2.3 The Infinitesimal Calculus
In trying to formalize many of the above arguments, mathematicians needed to put the calculus steps on a firm footing. And this comes with a whole collection of its own issues. Arguments trying to explain in clear terms what a derivative or integral was really supposed to be often led to nonsensical steps, that cast doubt on the entire procedure. Indeed, the history of calculus is itself so full of confusion that it alone is often taken as the motivation to develop a rigorous study of analysis. Because we have already seen so many other troubles that come from the infinite, we will content ourselves with just one example here: what is a derivative?
The derivative is meant to measure the slope of the tangent line to a function. In words, this is not hard to describe. But like the sine function, this does not provide a means of computing, and we are looking for a formula. Approximate formulas are not hard to create: if \(f(x)\) is our function, and \(h\) is some small number the quantity
\[\frac{f(x+h)-f(x)}{h}\]
represents the slope of the secant line to \(f\) between \(x\) and \(h\). For any finite size in \(h\) this is only an approximation, and so thinking of this like Archimedes did his polygons and the circle, we may decide to write down a sequence of ever better approximations:
\[D_n = \frac{f\left(x+\frac{1}{n}\right)-f(x)}{\frac{1}{n}}\]
and then define the derivative as the infiniteth term in this sequence. But this is just incoherent, taken at face value. If \(1/n\to 0\) as \(n\to\infty\) this would lead us to
\[\frac{f(x+0)-f(x)}{0}=\frac{0}{0}\]
So, something else must be going on. One way out of this would be if our sequence of approximates did not actually converge to zero - maybe there were infinitely small nonzero numbers out there waiting to be discovered. Such hypothetical numbers were called infinitesimals.

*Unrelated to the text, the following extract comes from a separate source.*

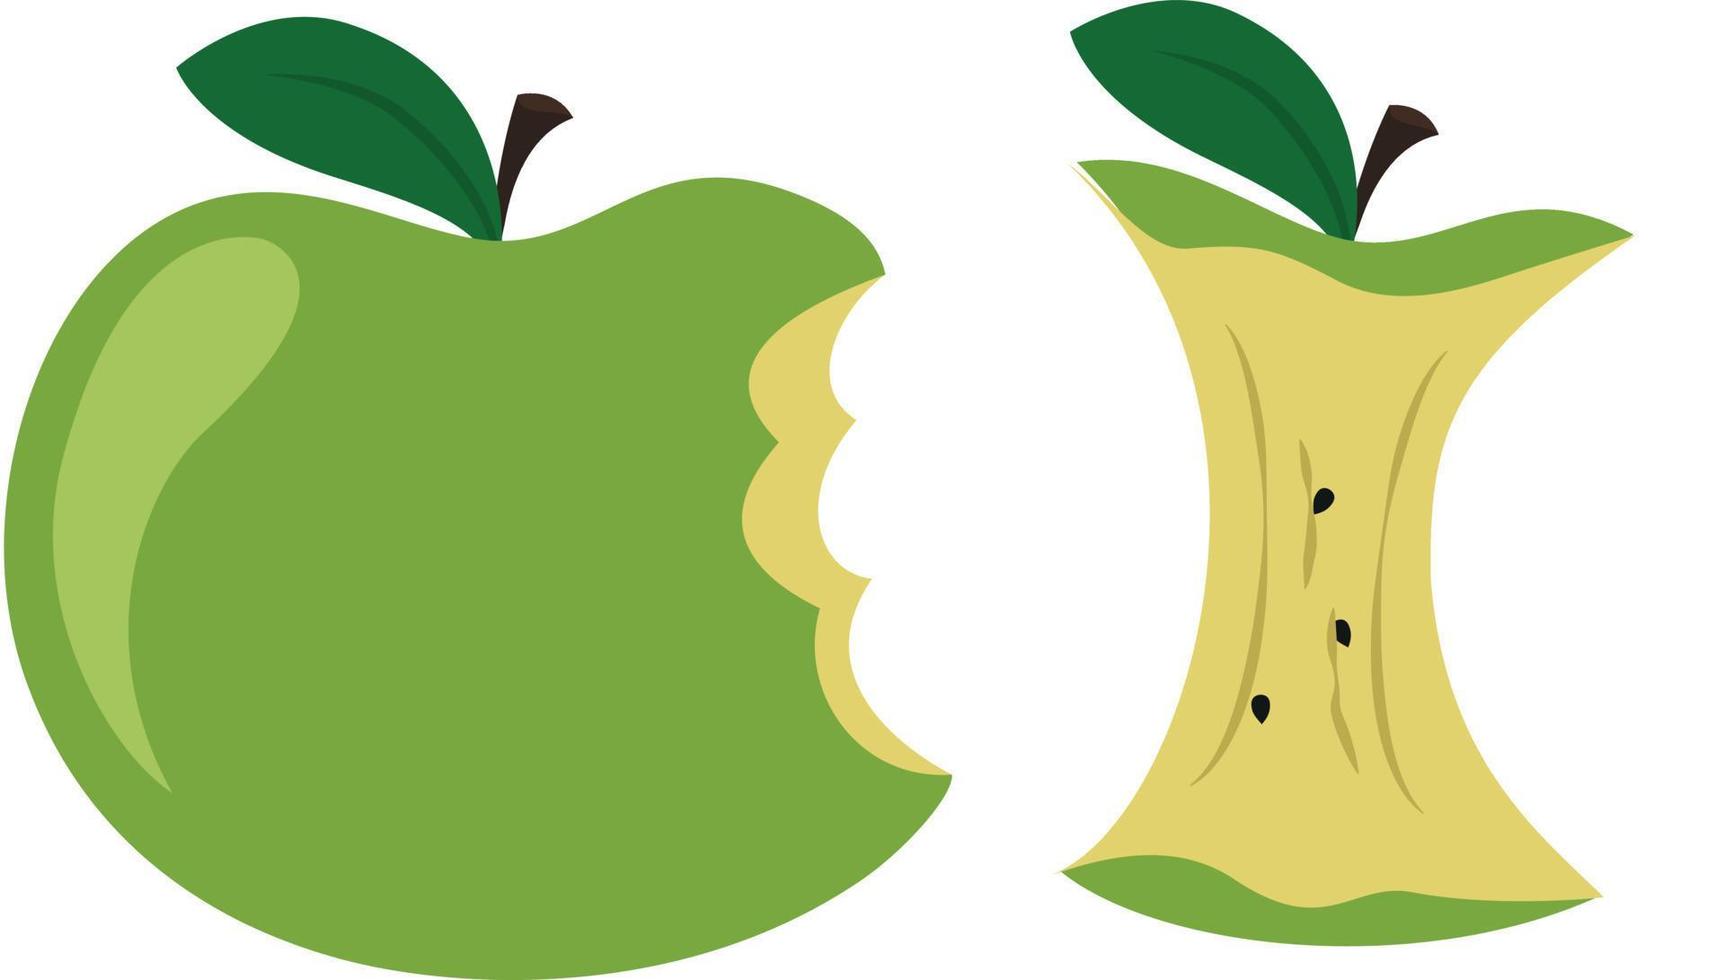 groen gebeten appel, vers sappig appel kern en kuilen vector

Definition 2.3 (Infinitesimal) A positive number \(\epsilon\) is infinitesimal if it is smaller than \(1/n\) for all \(n\in\NN\).
This would resolve the problem as follows: if \(dx\) is some infinitesimal number, we could define the derivative as
\[D =\frac{f(x+dx)-f(x)}{dx}\]
But this leads to its own set of difficulties: its easy to see that if \(\epsilon\) is an infinitesimal, then so is \(2\epsilon\), or \(k\epsilon\) for any rational number \(k\).

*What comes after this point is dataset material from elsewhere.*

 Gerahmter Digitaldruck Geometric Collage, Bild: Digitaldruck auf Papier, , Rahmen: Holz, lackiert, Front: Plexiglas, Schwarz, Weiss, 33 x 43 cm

Exercise 2.4 Prove this: if \(\epsilon\) is infinitesimal and \(k\in\QQ\) show \(k\epsilon\) is infinitesimal$.
So we can’t just say define the derivative by saying “choose some infinitesimal \(dx\)” - there are many such infinitesimals and we should be worried about which one we pick! What actually happens if we try this calculation in practice, showcases this.
Let’s attempt to differentiate \(x^2\), using some infinitesimal \(dx\). We get
\[(x^2)^\prime = \frac{(x+dx)^2-x^2}{dx}=\frac{x^2+2xdx+dx^2-x^2}{dx}\] \[=\frac{2xdx+dx^2}{dx}=2x+dx\]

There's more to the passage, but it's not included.